Monday, July 8, 2019

Collusion: expansion

I'm not certain that expanding games is always a great idea, but I do think that if a designer is going to consider it, best to consider it early so that the appropriate "attachment points" are built into the design, and the expansion can bolt on to those attachments.  My favorite example of a game that was clearly designed this way is Knizia's Lord of the Rings; the board numbering leaves room for the Bree and Isengard boards, and the symbols on the dice change meanings when the Foes, and then Sauron, are added.  The core mechanics remain the same, we just repurpose the meaning of some things. 

I've kicked around ideas for Collusion's expansion earlier this year, and ordering some wooden bits for a new proto this week pushed these ideas back to the forefront of my attention, as I figured I'd get the expansion pieces now just in case, but had to think about which pieces exactly I would need. 

One motivation for an expansion is the question of whether the game could work with 6 players.  Many of the great negotiation-heavy games play with 6 or more and really thrive with a big group.  Could that be the case here?  It would be longer but the depth of negotiation could possibly be richer.  There's a neat effect whereby with 3p, you align with two goals for each of your opponents, and with 5p you align with one goal with each of your opponents.  With 6p, you'd align with one goal with four of your opponents and none at all with the fifth.  That could be interesting, maybe.

But with 6p, there's another asymmetry:  there are only five baronies, and only five barony-based schemes.  Thus someone is not getting barony points, and we need to add another scheme for that sixth player, and it can't be barony-based but somehow has to correspond to a barony-like concept.  

This leads to the addition of two new entities, which aren't exactly factions, as they function in different ways that perhaps add some richness to the core mechanics.

First is the church.  The church has wooden pieces that can be added to territories.  In a twist, though, each territory can usually contain a barony shield and a faction, but the church, if added to a territory, that already contains both of these, displaces one of those two, and you choose, by the action you propose, which.  Thus the church has some sharp elbows.
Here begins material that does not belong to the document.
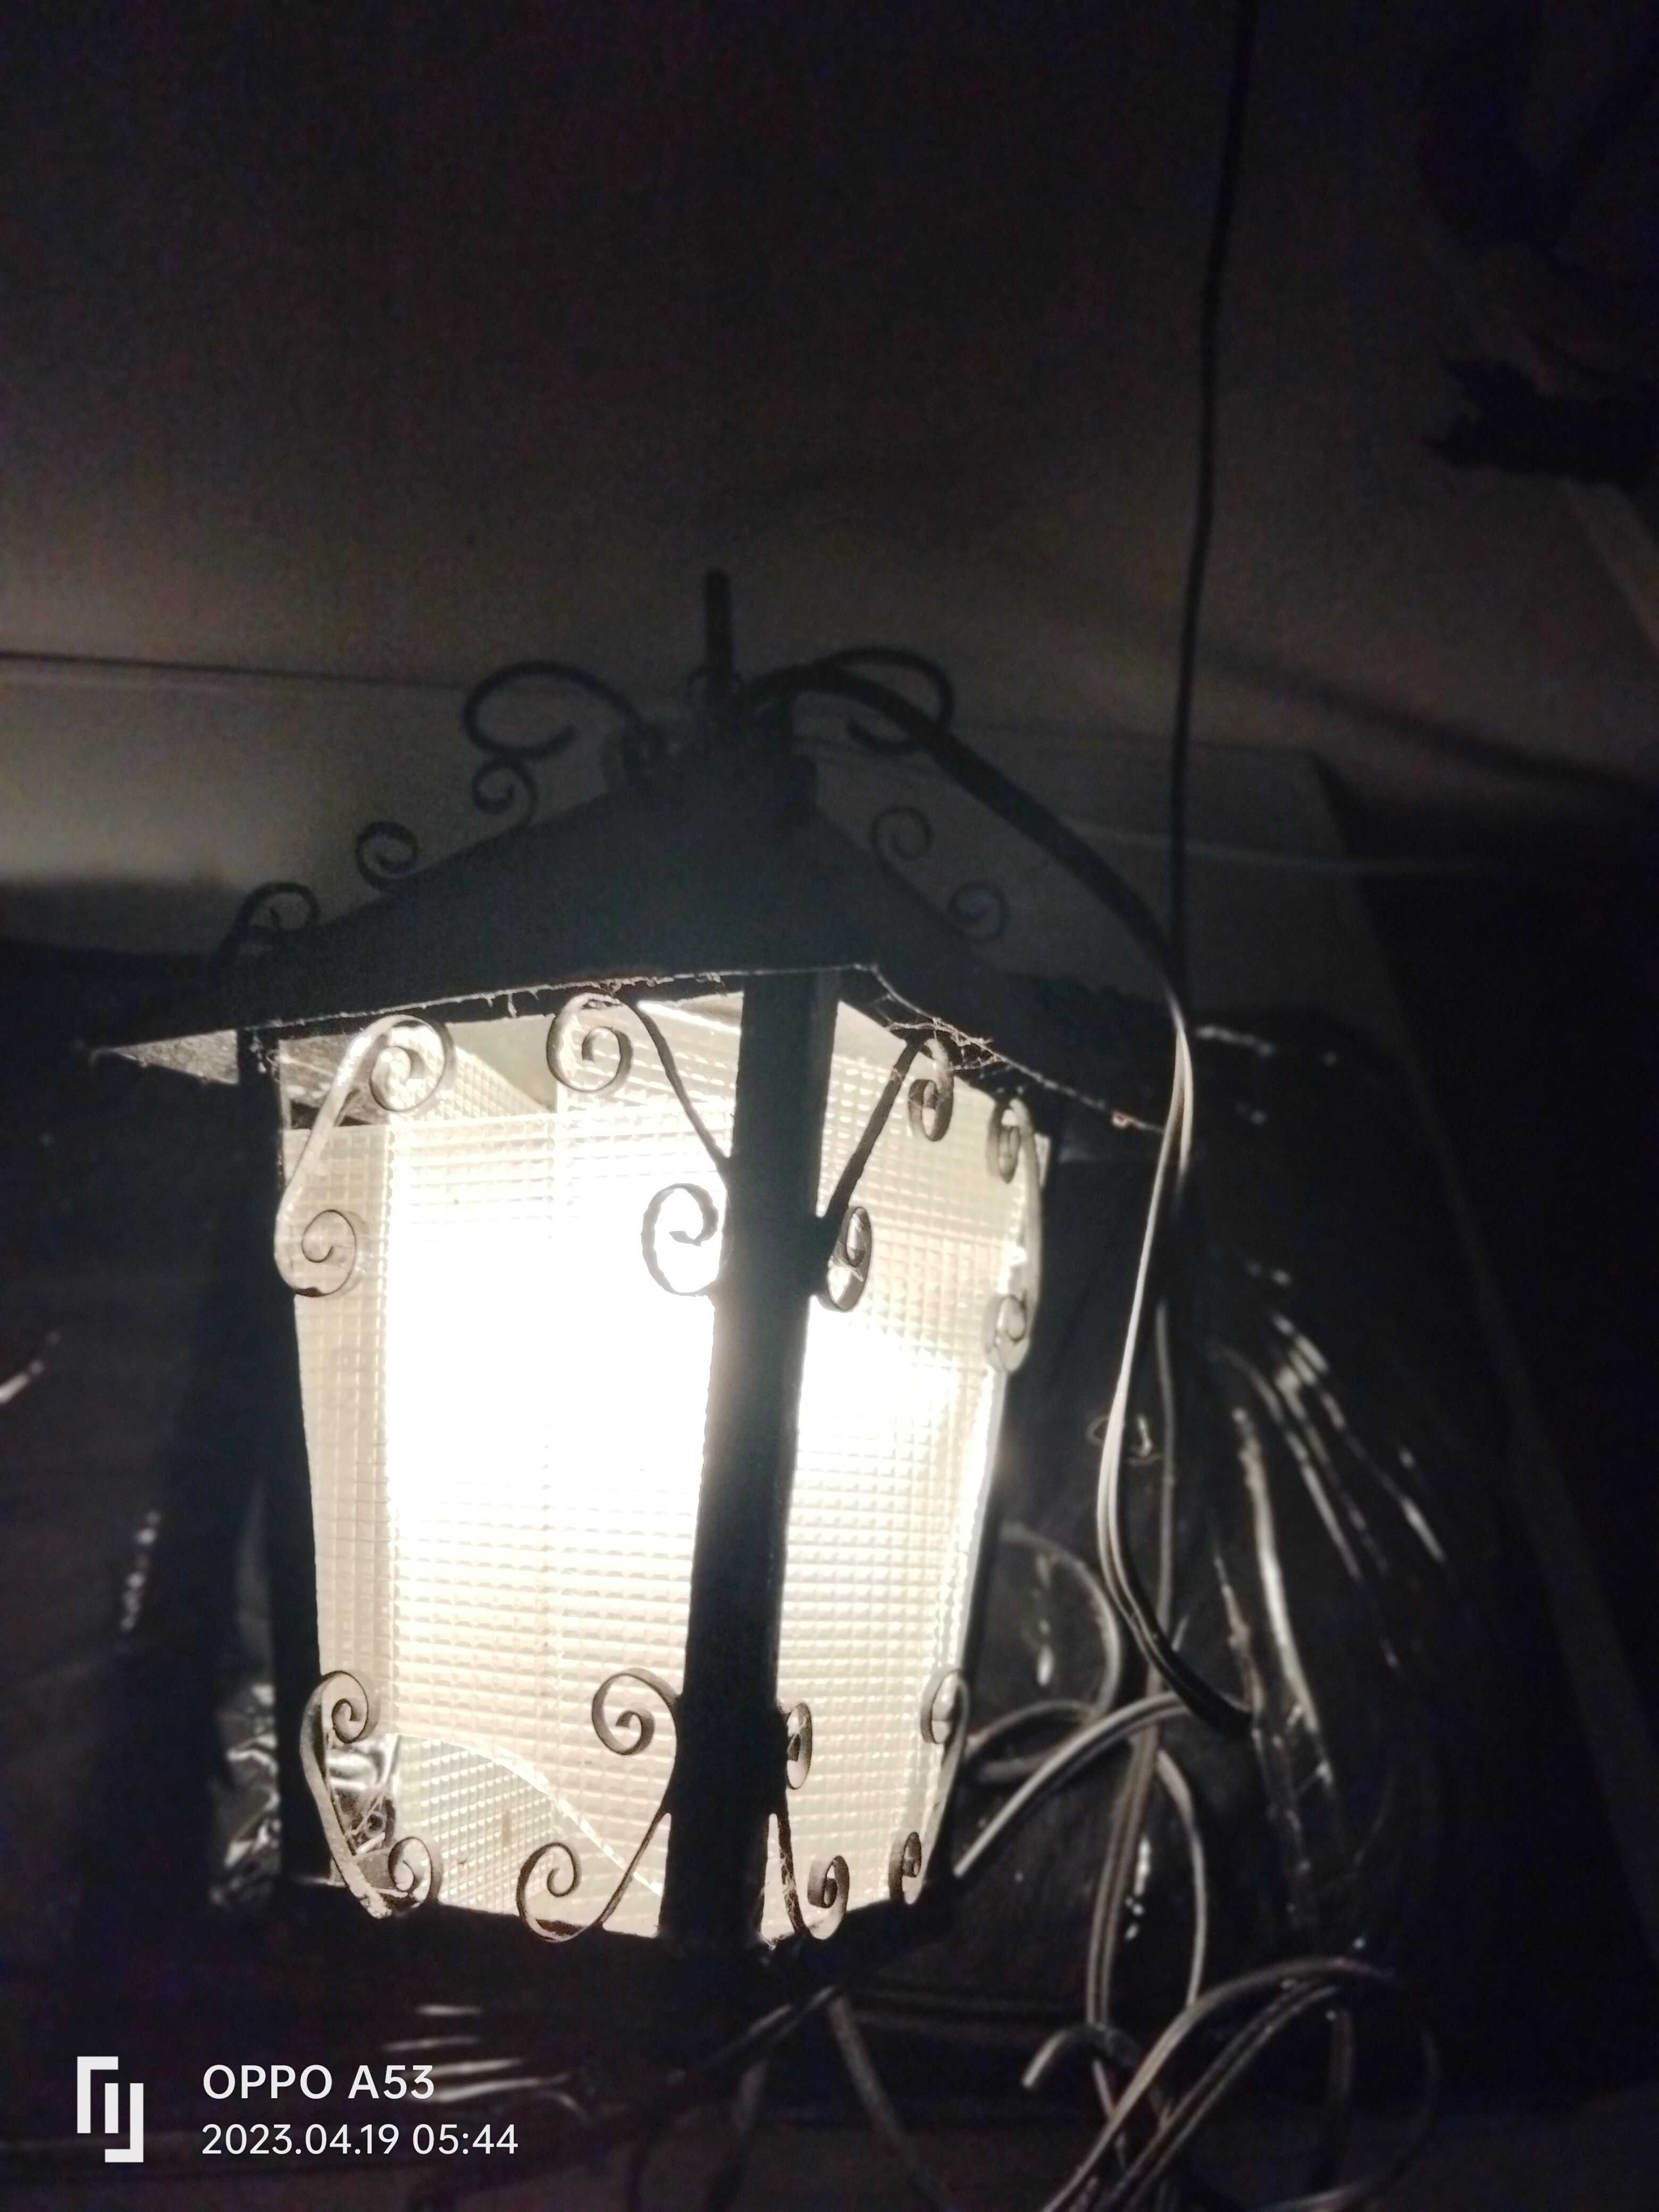 Lampa/latarenka RETRO-metaloplastyka-wczesny PRL

Now the church becomes a sixth barony for scoring purposes, in that the sixth scheme says that the church is present in more territories than the size of the largest barony.  But the church doesn't have to grow contiguously, and has two ways to grow, so it's powerful.

Of course, it's a game of collusion, and if my goal is to grow the church, there needs to be a reason -- other than just bribery -- why someone else wants to help me.  And that reason is that we can install heirs into the church, which do two things.  First, they provide points, for all of the heirs that are added to the church after yours, so getting in early is good, and getting in late means you're giving someone else points, but maybe it's worth it for the benefit of being in.  Which is, namely, the second point:  they provide votes.  In a baronial election, each church in or adjacent to (I think) the active barony gives you, a member of the church, one vote.

Second is the rebellion.  As with the church, you can add an heir to the rebellion.  But the rebellion itself has no board presence.  Instead, there's an action that flips a faction to the rebellion's cause.  This impacts scoring: the more buildings for rebellious factions there are on the board at game's end, the more points you get from the rebellion, but if there are too few you get negative points.

Additionally, though, if you're in the rebellion and are acting in a barony in which a rebellious faction is present, you get to place a red support disc, in addition to your usual three support.  

Thus, the church influences baronial politics, the rebellion influences ways and means, and both may be courted even by those not explicitly aligned with them.

There's one other twist.  If the rebellion and church were strictly opt-in actions, they'd be relatively easy to suppress by the other players: just don't support the actions that promote them, support other actions instead.  That's why adding an heir to the church or to the rebellion, or flipping a faction to the rebellion are automatic actions.  That means that when we evaluate the barony and see which actions are the most supported, we treat those actions as those they happen, automatically, unless they are the most-supported action.  Thus to prevent a person from joining the church or from the rebellion from flipping a particular faction, you have to provide support to that action, but your efforts will probably only succeed if a few players band together, so is it even worth bothering?  

Thus both entities have the potential for some bandwagon dynamics, whereby it's advantageous to join at some point but before that it might not be worth the trouble; taking an heir out of circulation weakens your deal-making potential a bit, after all.  Yet they're both a bit hard to stop so at some point everyone may find that they wish they had gotten on the train.  

I like the potential of these two ideas, and the idea of automatic actions, to interact with support and voting in interesting but not-too-complicated ways, and to give some scoring dynamics that feel pretty orthogonal to the main systems in the problems they present to the players and the risk/reward considerations they introduce.  This isn't the kind of expansion that adds wildly different mechanics -- direct combat, randomness, or something like that -- but I suspect/hope that for people who like the base game it may make the experience even richer, and I especially think that it will make the 6p game feel not just longer but incredibly intricate and challenging.  

As soon as those pieces come in I'll probably start giving this one a few run-outs in solo tests to see how it looks.